Başkanlık Divanımızda, sayın Cumhurbaşkanı'nın dün akşam yaptığı 'yeni anayasa' açıklaması da gündeme geldi. Sayın Cumhurbaşkanı’nın da ifade ettiği gibi, konu henüz çok ham. 'Cumhur İttifakı'ndaki ortağımızla anlayış birliğine vardığımız taktirde' ifadesi de, bu konunun henüz ortaklar arasında bile konuşulmadığını gösteriyor.
Ancak altını önemle çizmek isteriz ki; anayasa ile hangi sistemi hayal ettiğiniz önemlidir. Yani güçlü bir yürütme mi, yoksa, kuvvetler ayrılığı, bunun yanında demokratik ve şeffaf bir devlet yönetim sistemi mi? Türkiye’de bir anayasa sorununun yanında, tanımlanamayan bir sistem ve bu sistemin doğurduğu keyfi uygulama sorunu vardır.
Bir örnek vermek isterim; TRT ve RTÜK’le ilgili yasalarda bir sorun yok. Ancak, iki kurumu da yönetenler, her gün onlarca hukuk dışı karar ve keyfi uygulamalara imza atıyorlar. Ve bunun hiçbir bedeli yok. Çünkü, mevcut sisteme keyfiyet, yasa tanımazlık ve tek adamlık hâkim.
Anlamak istediğimiz şudur ki; sayın Cumhurbaşkanı, yürütmenin elini rahatlatacak, yönetimdeki keyfiyeti artıracak yeni adımları mı, yoksa milletimizin ihtiyaçlarını önceleyen bir sistemi mi kastediyor?

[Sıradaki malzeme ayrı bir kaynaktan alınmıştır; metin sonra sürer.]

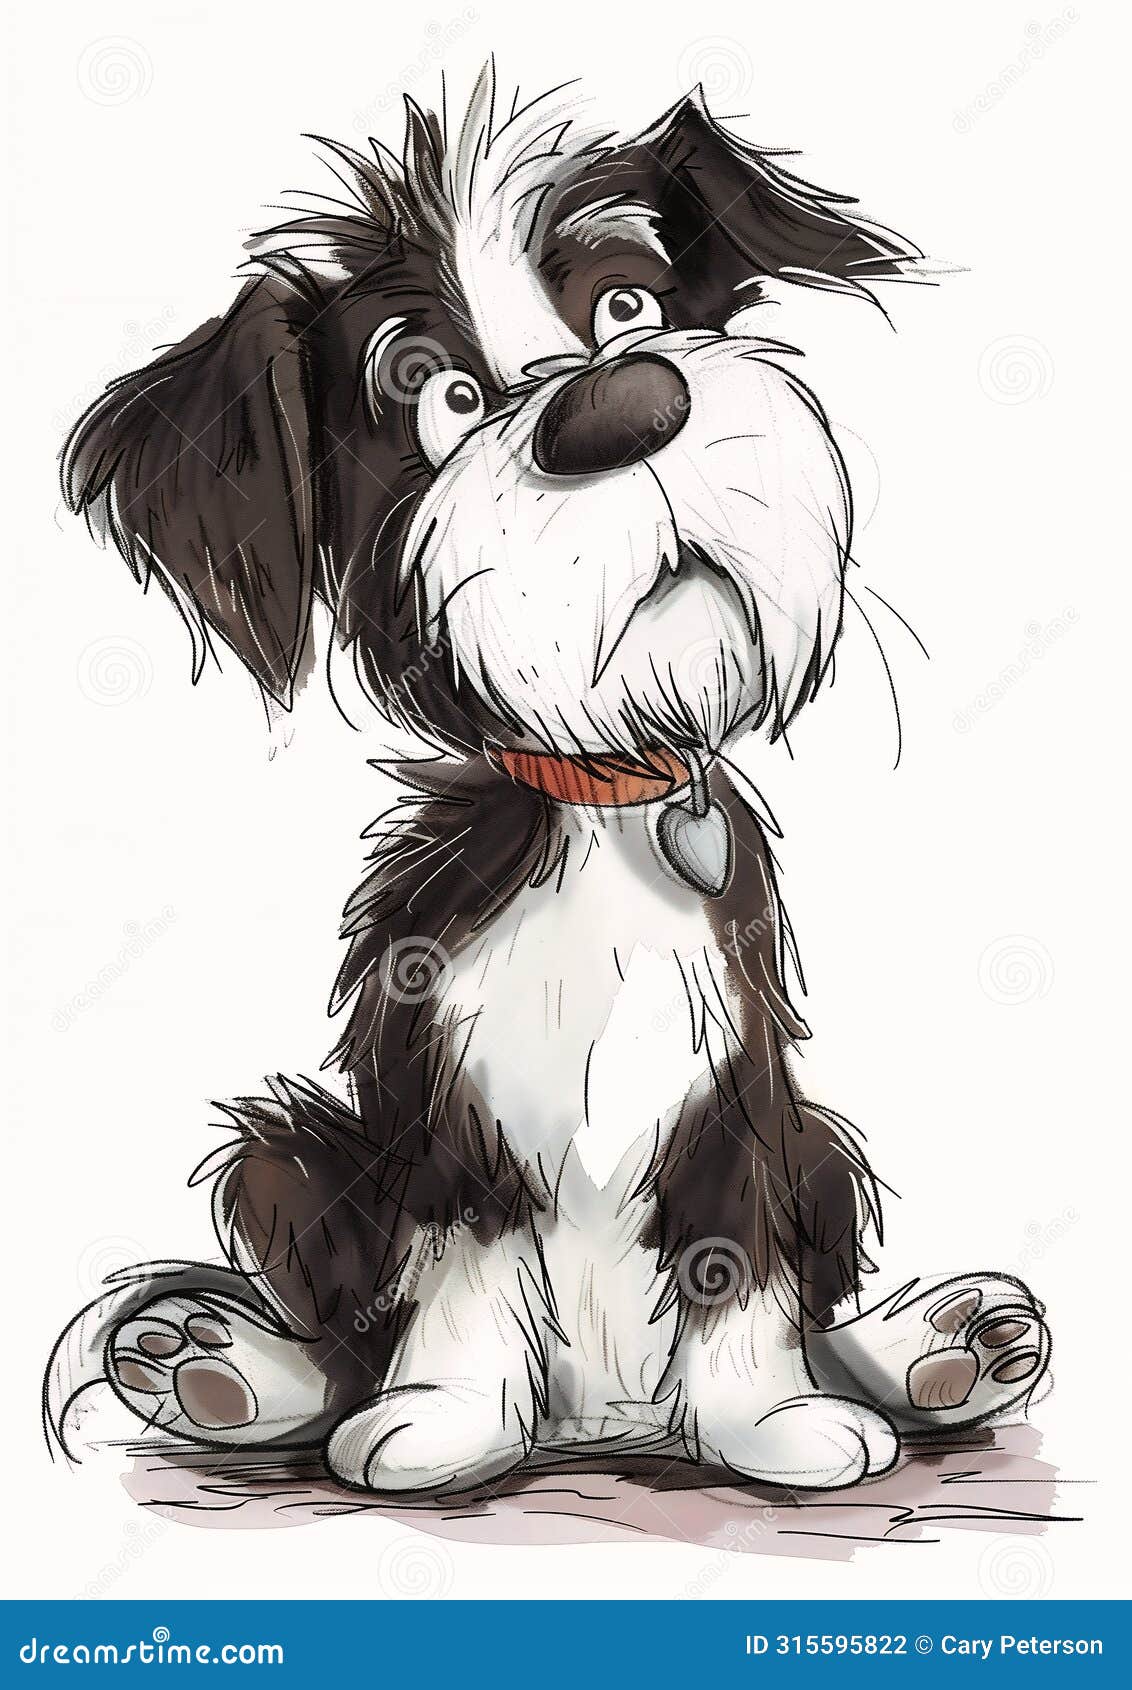 adorable cartoon canine: a delightful portrait of a gruff yet ch

Dolayısıyla, iktidar ve ortağının daha dört yıl önce değiştirdikleri anayasada ne gibi yenilikler ya da değişiklikler planladığını bilemiyoruz.
Yeni anayasa önerisinin, oyları hızla düşen Cumhur İttifakı'nın iktidarını korumaya yönelik bazı adımları kapsayıp kapsamadığını da bilmiyoruz. İyi Parti olarak defalarca ifade ettiğimiz gibi; siyasette atılacak her adımın, millet menfaatini gözetmesini istiyor ve bekliyoruz.
Dün akşam on binlerce esnafımız, milyonlarca vatandaşımız pandeminin yarattığı ekonomik zorluklara çözüm beklerken, kendi yazdıkları oyunu bozmayı gündem haline getiren sayın Cumhurbaşkanı’nın aklında ne var henüz bilmiyoruz.
Dolayısıyla, öncelikle yeni Anayasa fikrinin açıklığa kavuşmasını, neyi hedeflediğinin açıklanmasını bekliyoruz. Bizim için meselenin memnuniyet verici yanı ise şudur; anayasa değişikliği, sistemi de doğrudan ilgilendiren bir fiildir.
Bu sebeple Cumhur ittifakının, Türkiye’yi zora sokan Partili Cumhurbaşkanlığı Hükümet Sistemi’ni sorgular hale gelmesi, doğru bir adımdır.
İyi Parti olarak; bu tanımlanamayan sistemin Türkiye’ye zarar verdiğine ve çözümün İyileştirilmiş ve Güçlendirilmiş Parlamenter Sistem olduğuna inanıyoruz. Yakın bir zamanda milletimizle ayrıntılarını paylaşacağımız sistem önerimizin, ülkemizi düze çıkaracağından da eminiz. Siyasette atılacak her adımın ülkemiz ve milletimiz için hayırlı olmasını diliyoruz."